Now, this may seem like a story we have posted here before. It may not even seem like big news since this happens so frequently. But, there is an especially notable point about this senseless crime. Hadiya Pendleton was not only an honors student, athlete, and all-around good kid, she performed at President Obama’s inauguration just last month. So, not only does this hit extremely close to home in a political sense for President Obama, who was a longtime resident of Chicago and the state of Illinois’ Senator before his election in 2008, it hits close to home in a personal sense for him too. This bright young lady was just at the Capitol celebrating President Obama’s second term. So, she was one of the “good” ones right?
Pendleton recorded a PSA against gang violence and gun safety in elementary school. Sadly, she couldn’t have known that she would be a victim of the very violence she was working to prevent.
Far too often we are having this conversation and seeing this headline. And, I have posted enough articles asking for real dialogue about gun safety to know that this is a much bigger problem. So, let’s just face it, here is something that we are not willing to admit. Most people think only the bad guys get shot. They don’t know any Hadiya Pendletons. They don’t know any Trayvon Martins. They don’t know any Jordan Russell Davis’. So, how could they possibly understand what it feels like to lose one of them?
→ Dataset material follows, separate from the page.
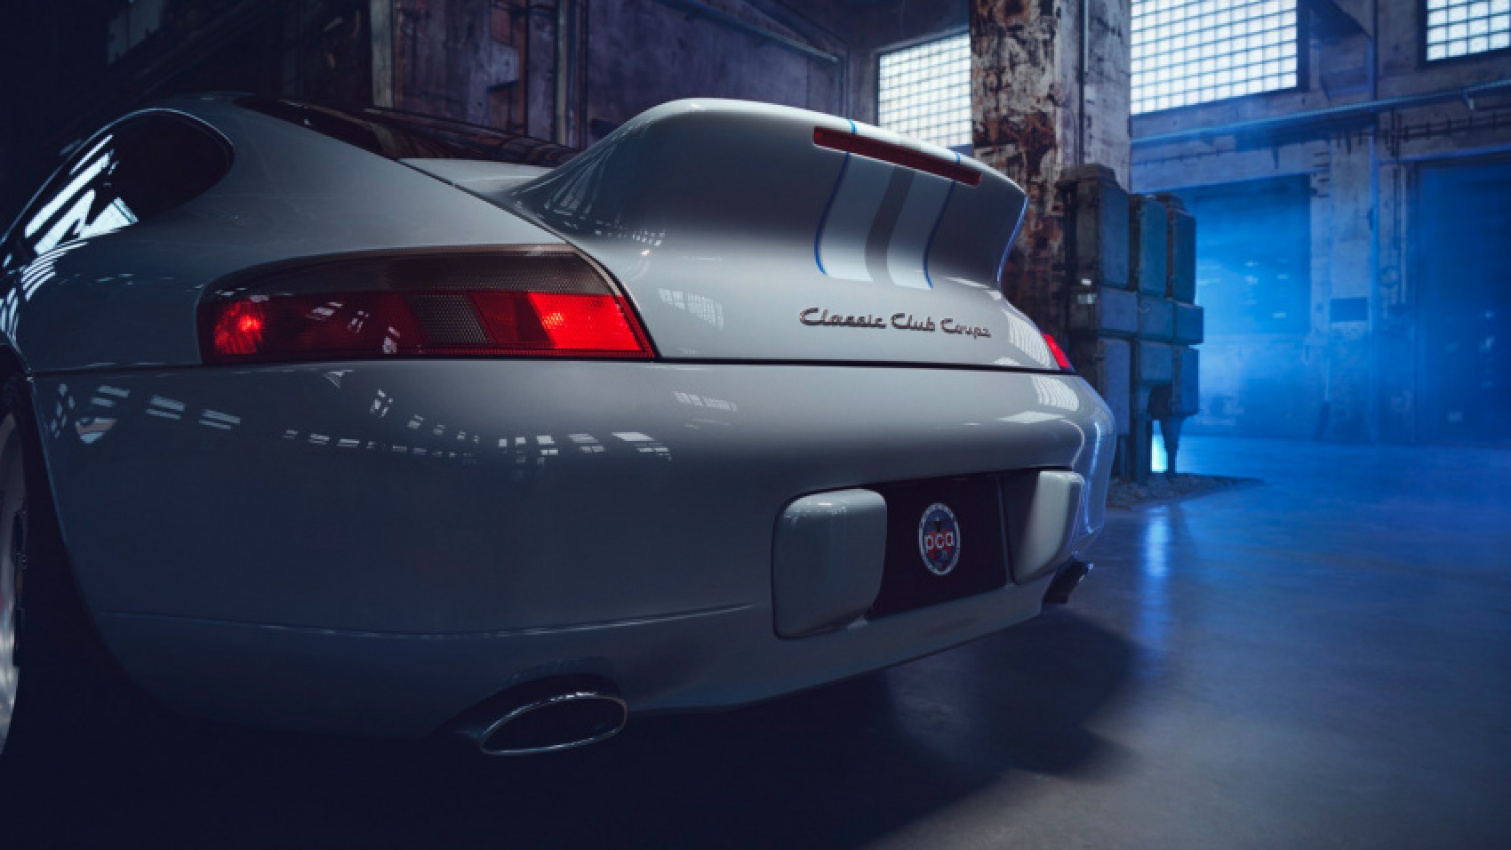 autos, car news, cars, news, porsche, android, classic cars, porsche 911, porsche classic, sports cars, android, porsche 911 classic club coupe 996 revealed

The more that the larger body of social culture in America convinces itself that gun policy won’t control “the bad guys,” the more all the brown good girls and good boys will be at risk for death due to gun violence. What happens next? We find out that Hadiya once painted her nails black so she must have been a bad kid? Or, maybe she kissed a boy once so she was promiscuous? This is how we deal with our gun problem. We find clever little ways to blame the victim for his or her demise. With Trayvon Martin it was his scary hoodie. With Jordan Davis it was his loud music. And, this is yet another way we kill ourselves and one another. What will it be this time?
When we fail to recognize the common spirit of hope in each of us, we lose the humanity for all of us. This is not a gun problem. This is an ‘us’ problem. We can deny it as much as we want to but it is certainly true. And sitting idly by watching all the mayhem will never change that.
So, I ask, what more can we do to prove that guns kill people? If all these dead children are not evidence enough, what is?